In Fig. 6-46, a box of ant aunts (total mass m₁ = 1.65kg) and a box of ant uncles (total mass m = 3.30kg) slide down an inclined plane while attached by a massless rod parallel to the plane. The angle of incline is $\mathit{\theta }\mathbf{=}\mathbf{30}\mathbf{.}{\mathbf{0}}^{\mathbf{°}}$. The coefficient of kinetic friction between the aunt box and the incline is ${\mathit{\mu }}_{\mathbf{1}}\mathbf{=}\mathbf{0}\mathbf{.}\mathbf{226}$; that between the uncle box and the incline is ${\mathit{\mu }}_{\mathbf{2}}\mathbf{=}\mathbf{0}\mathbf{.}\mathbf{113}$. Compute

(a) the tension in the rod and

(b) the magnitude of the common acceleration of the two boxes.

(c) How would the answers to (a) and (b) change if the uncles trailed the aunts?

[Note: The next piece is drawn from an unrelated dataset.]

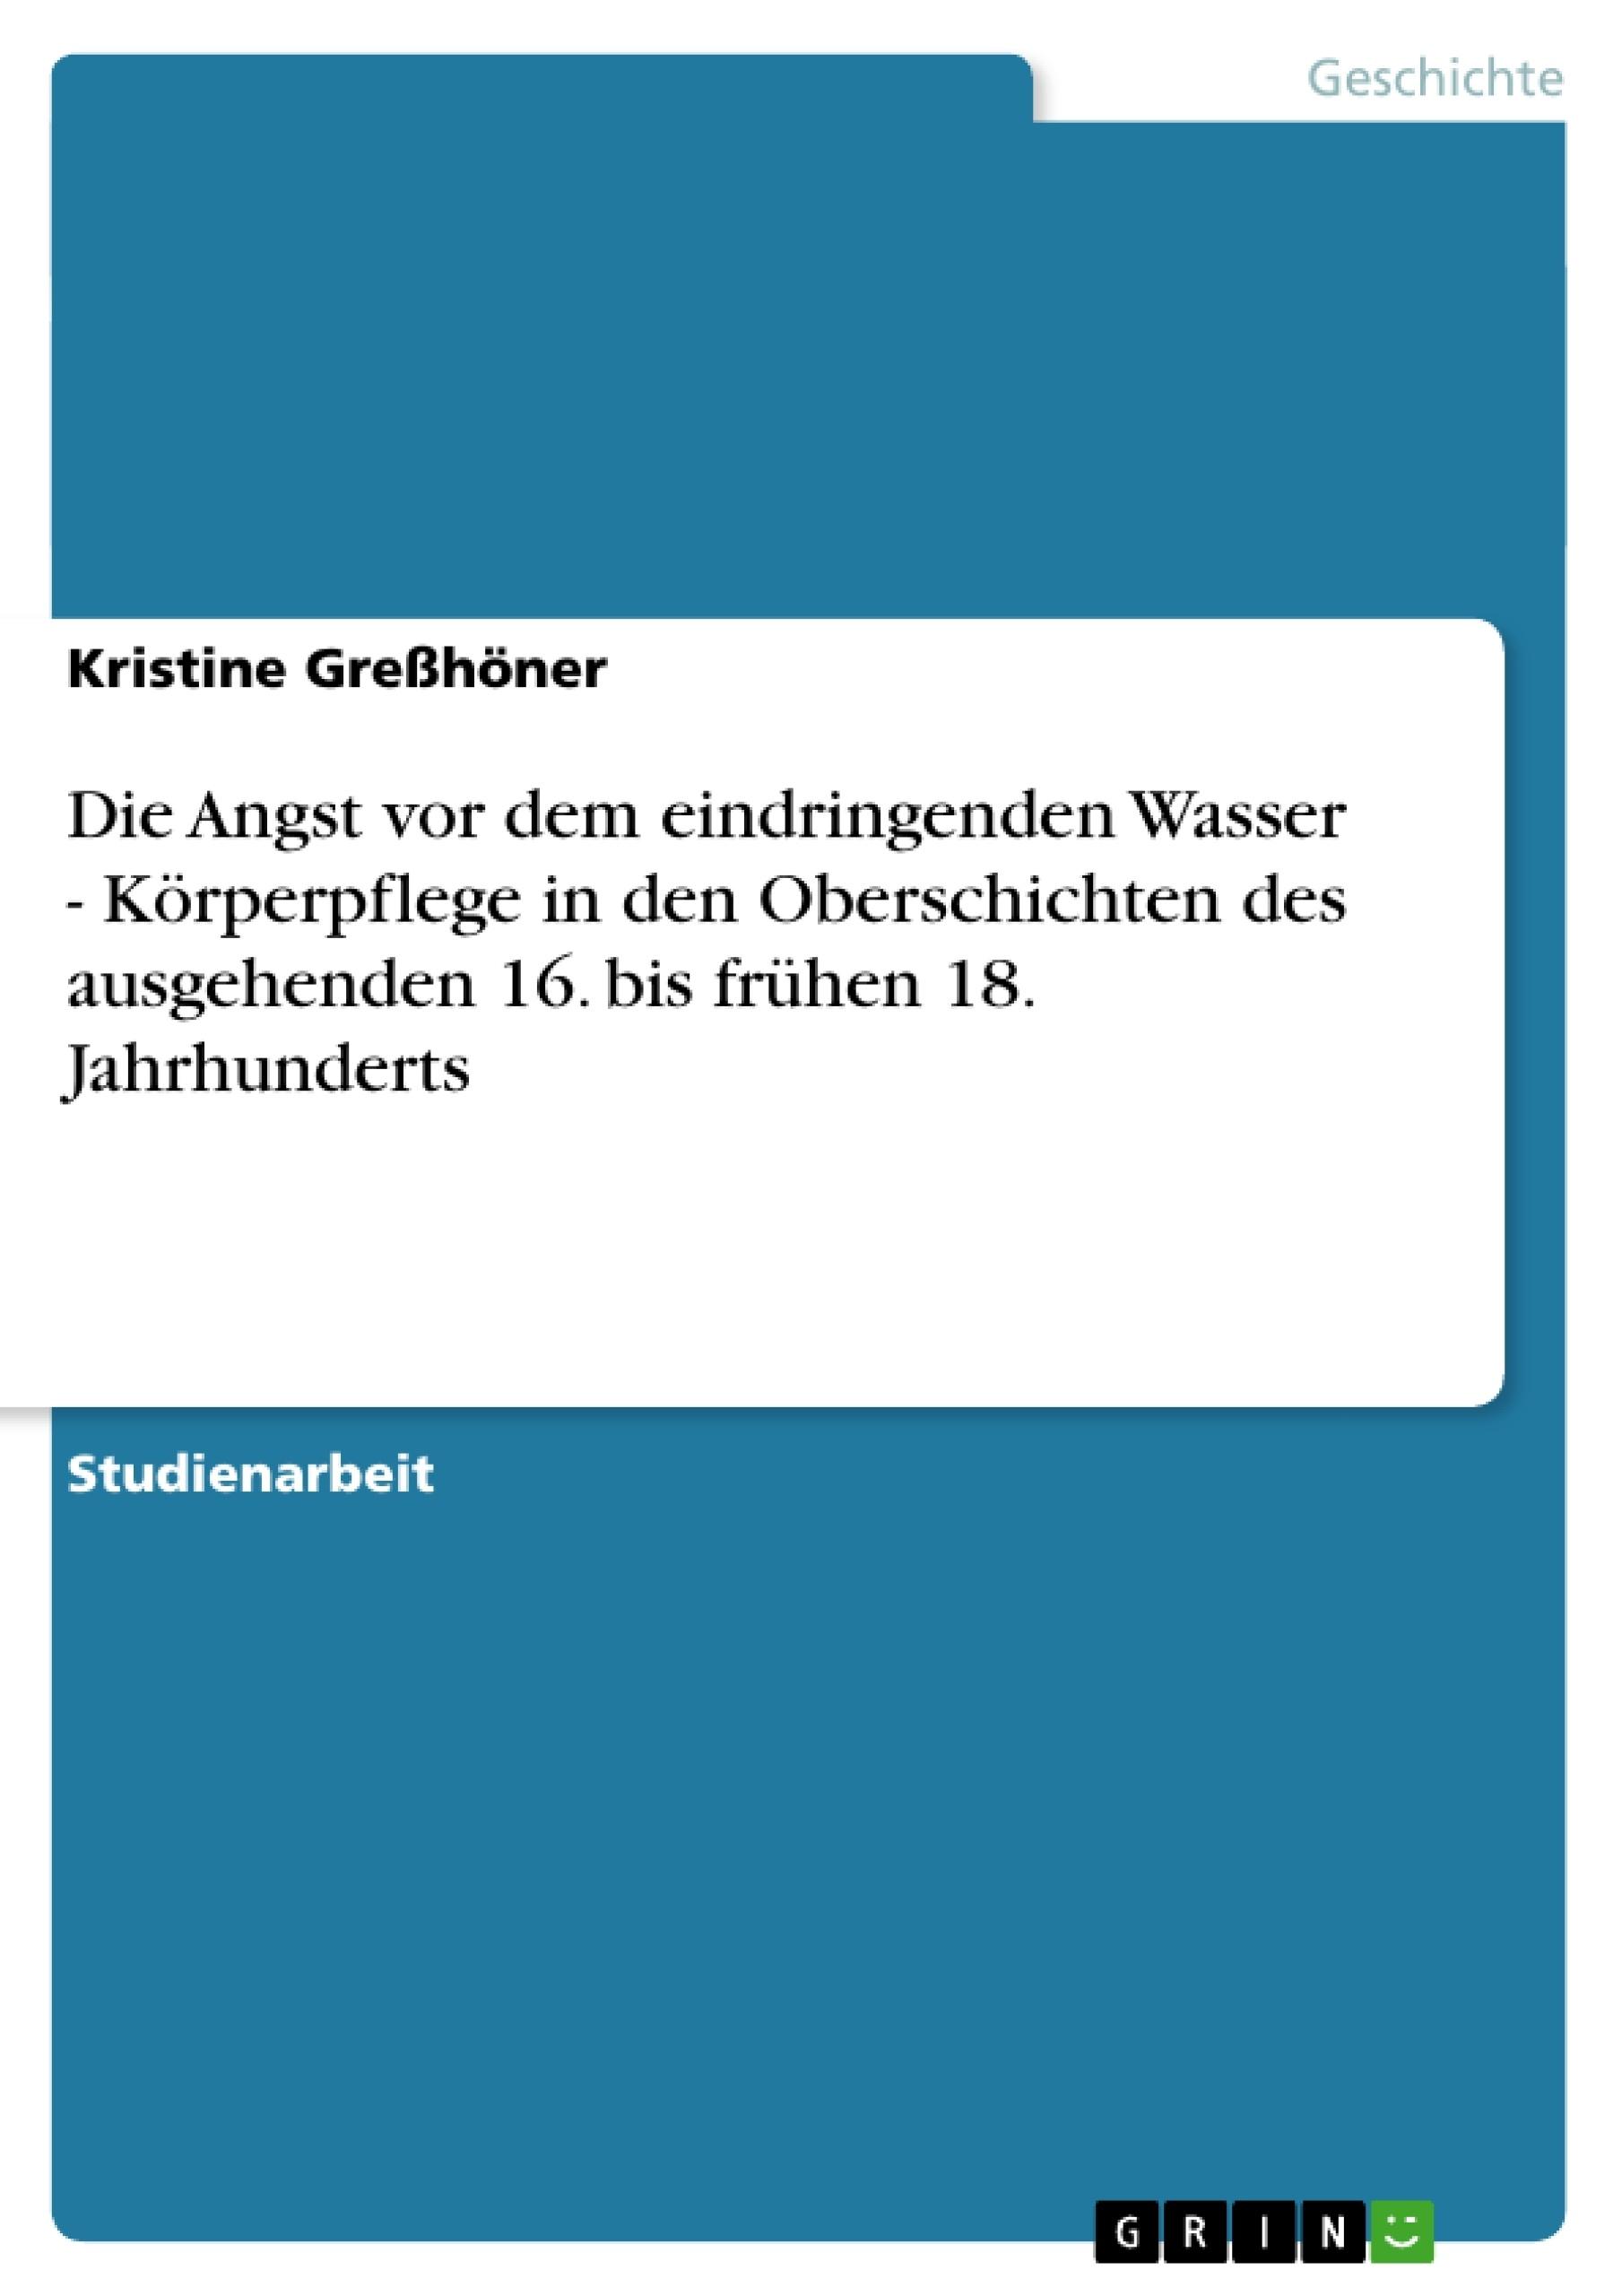 Titel: Die Angst vor dem eindringenden Wasser - Körperpflege in den Oberschichten des ausgehenden 16. bis frühen 18. Jahrhunderts

• Mass of box of ant aunts, m₁ = 1.65kg.
• Mass of box of ant uncles, m₂ = 3.30kg.
• The angle of inclination,$\theta =30.0^{°}$.

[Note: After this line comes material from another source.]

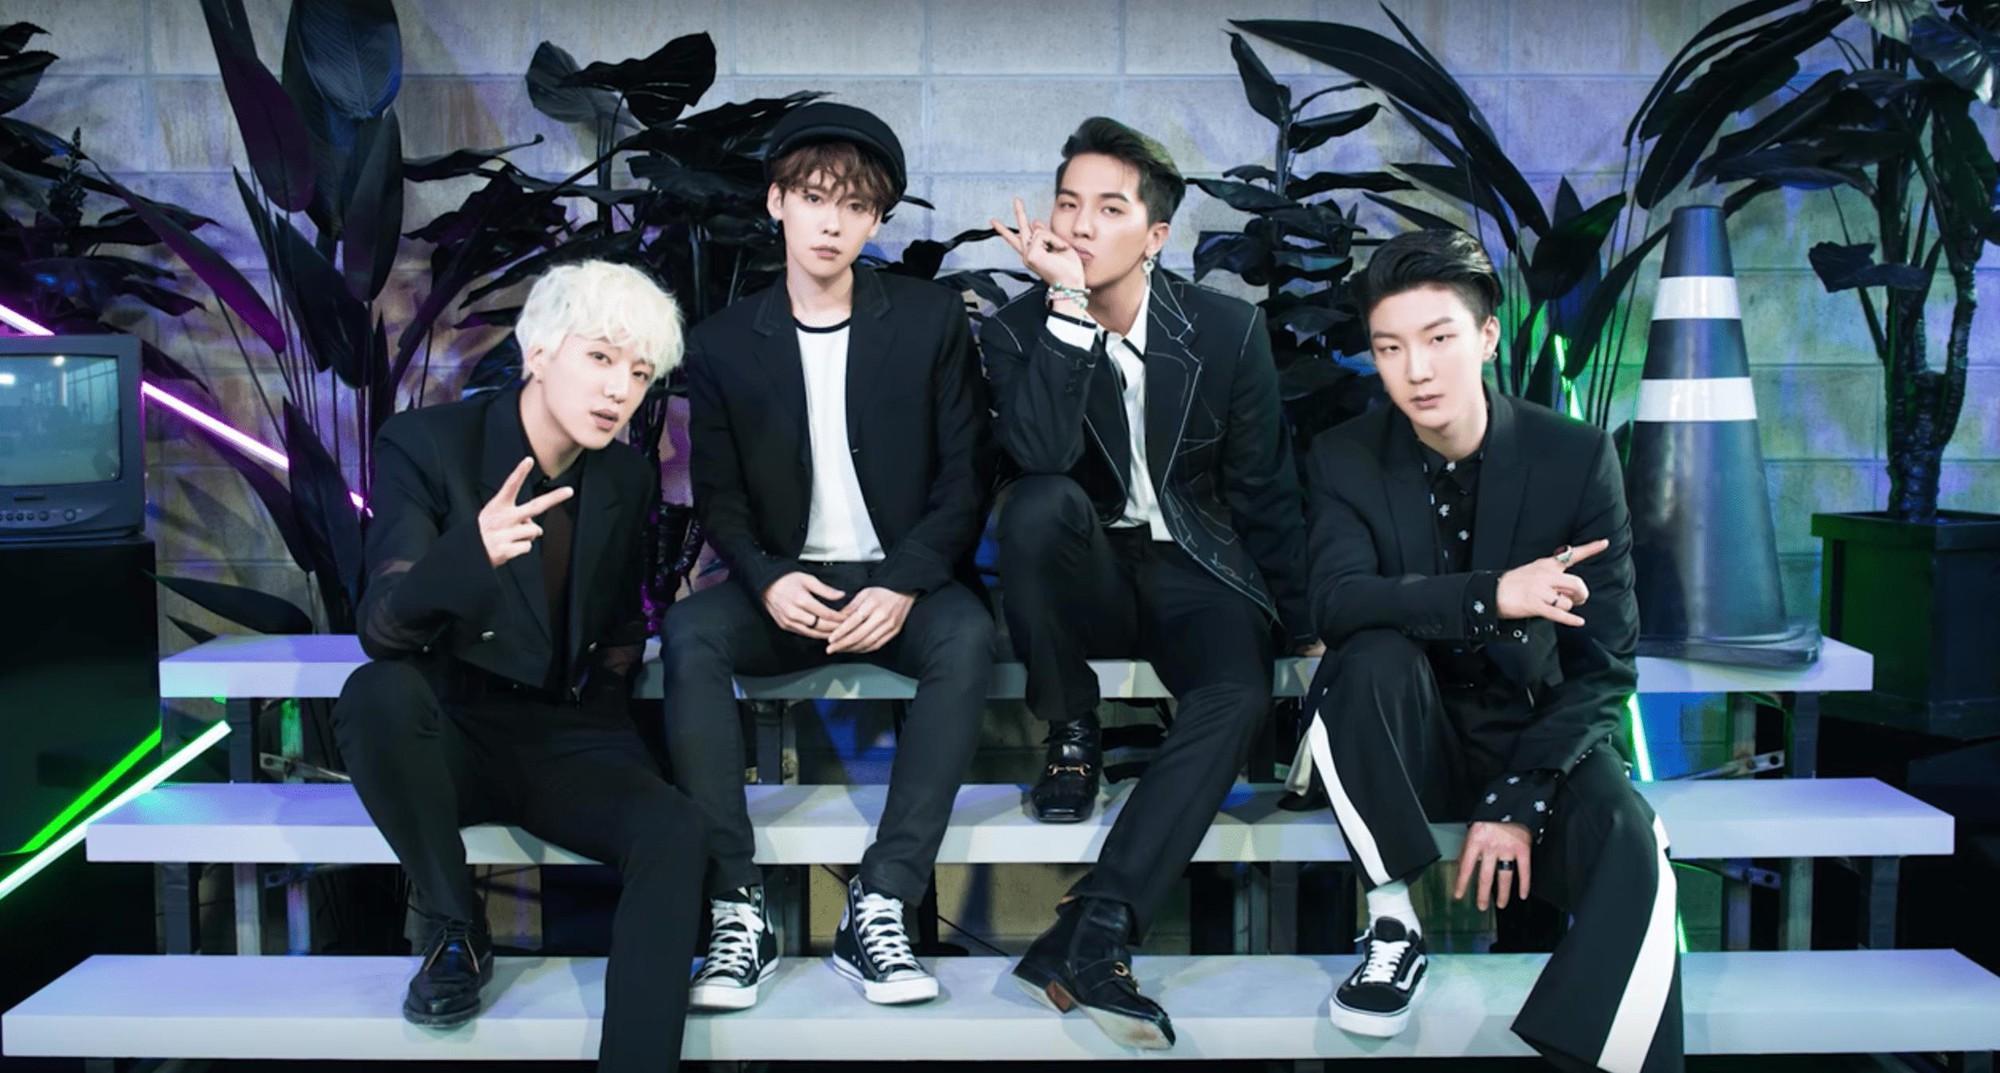 Tổng kết Kpop 2017:

The coefficient of kinetic friction between the aunt box and the incline is,${\mu }_1=0.226$The coefficient of kinetic friction between the uncle’s box and the incline is, ${\mu }_2=0.113$.

The problem deals with Newton’s second law of motion, which states that the acceleration of an object is dependent upon the net force acting upon the object and the mass of the object.

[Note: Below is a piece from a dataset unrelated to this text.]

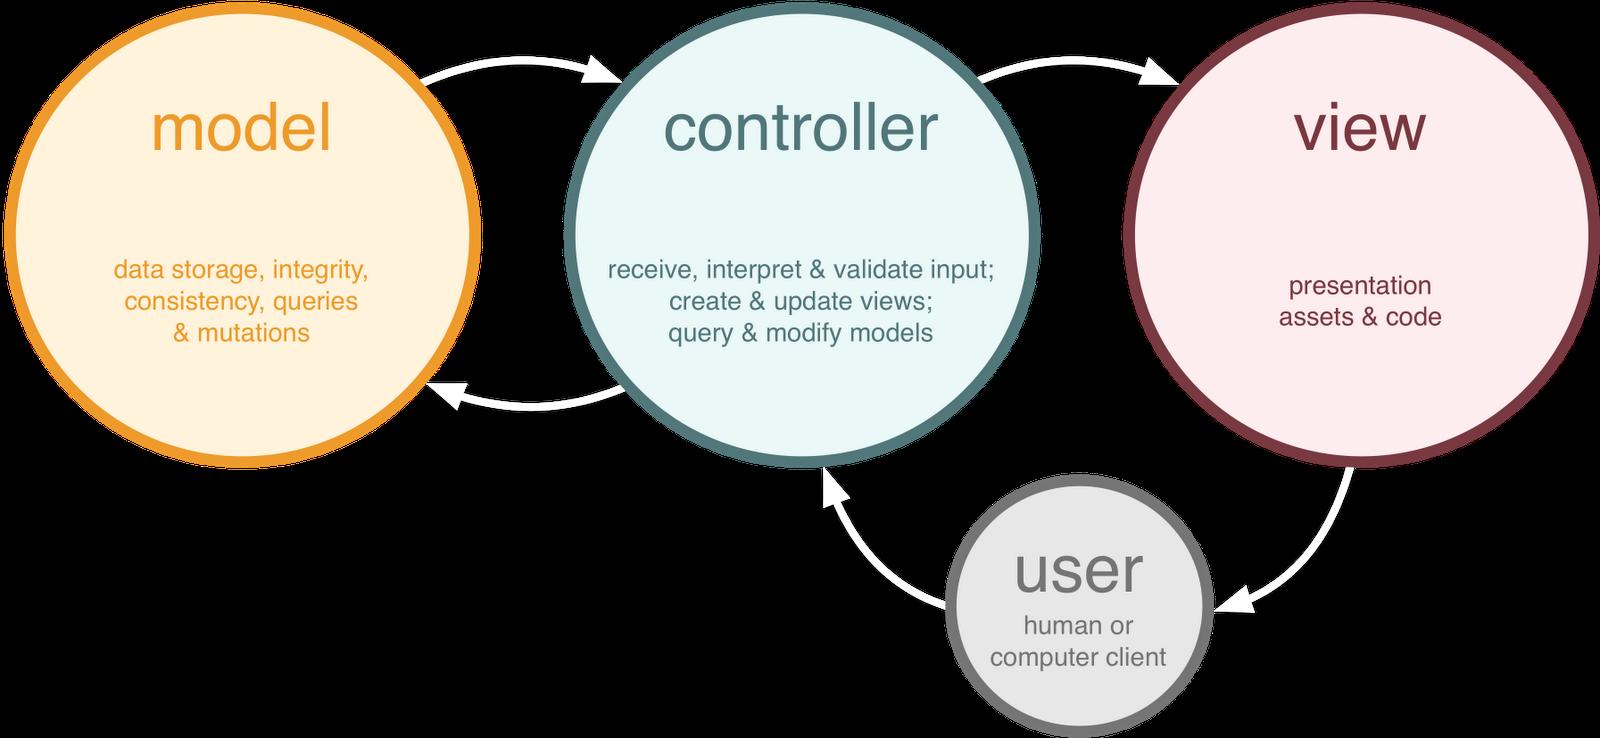 Tạo ứng dụng theo mô hình MVC với JavaJspServlet

First, draw the free-body diagram of the two boxes. Then applying Newton's second law, solve the given problem.

T is the magnitude of the force in the rod (when T > 0 the rod is said to be in tension and when T < 0 the rod is under compression), ${\stackrel{\rightharpoonup }{F}}_{N2}$is the normal force on box 2 (the uncle box), ${\stackrel{\rightharpoonup }{F}}_{N1}$is the normal force on the aunt box (box 1), ${\stackrel{\rightharpoonup }{f}}_1$is kinetic friction force on the aunt box, and ${\stackrel{\rightharpoonup }{f}}_2$is the kinetic friction force on the uncle box.

Also, m₁ = 1.65kg is the mass of the aunt box and m₂ = 3.30kg is the mass of the uncle box (which is a lot of ants!).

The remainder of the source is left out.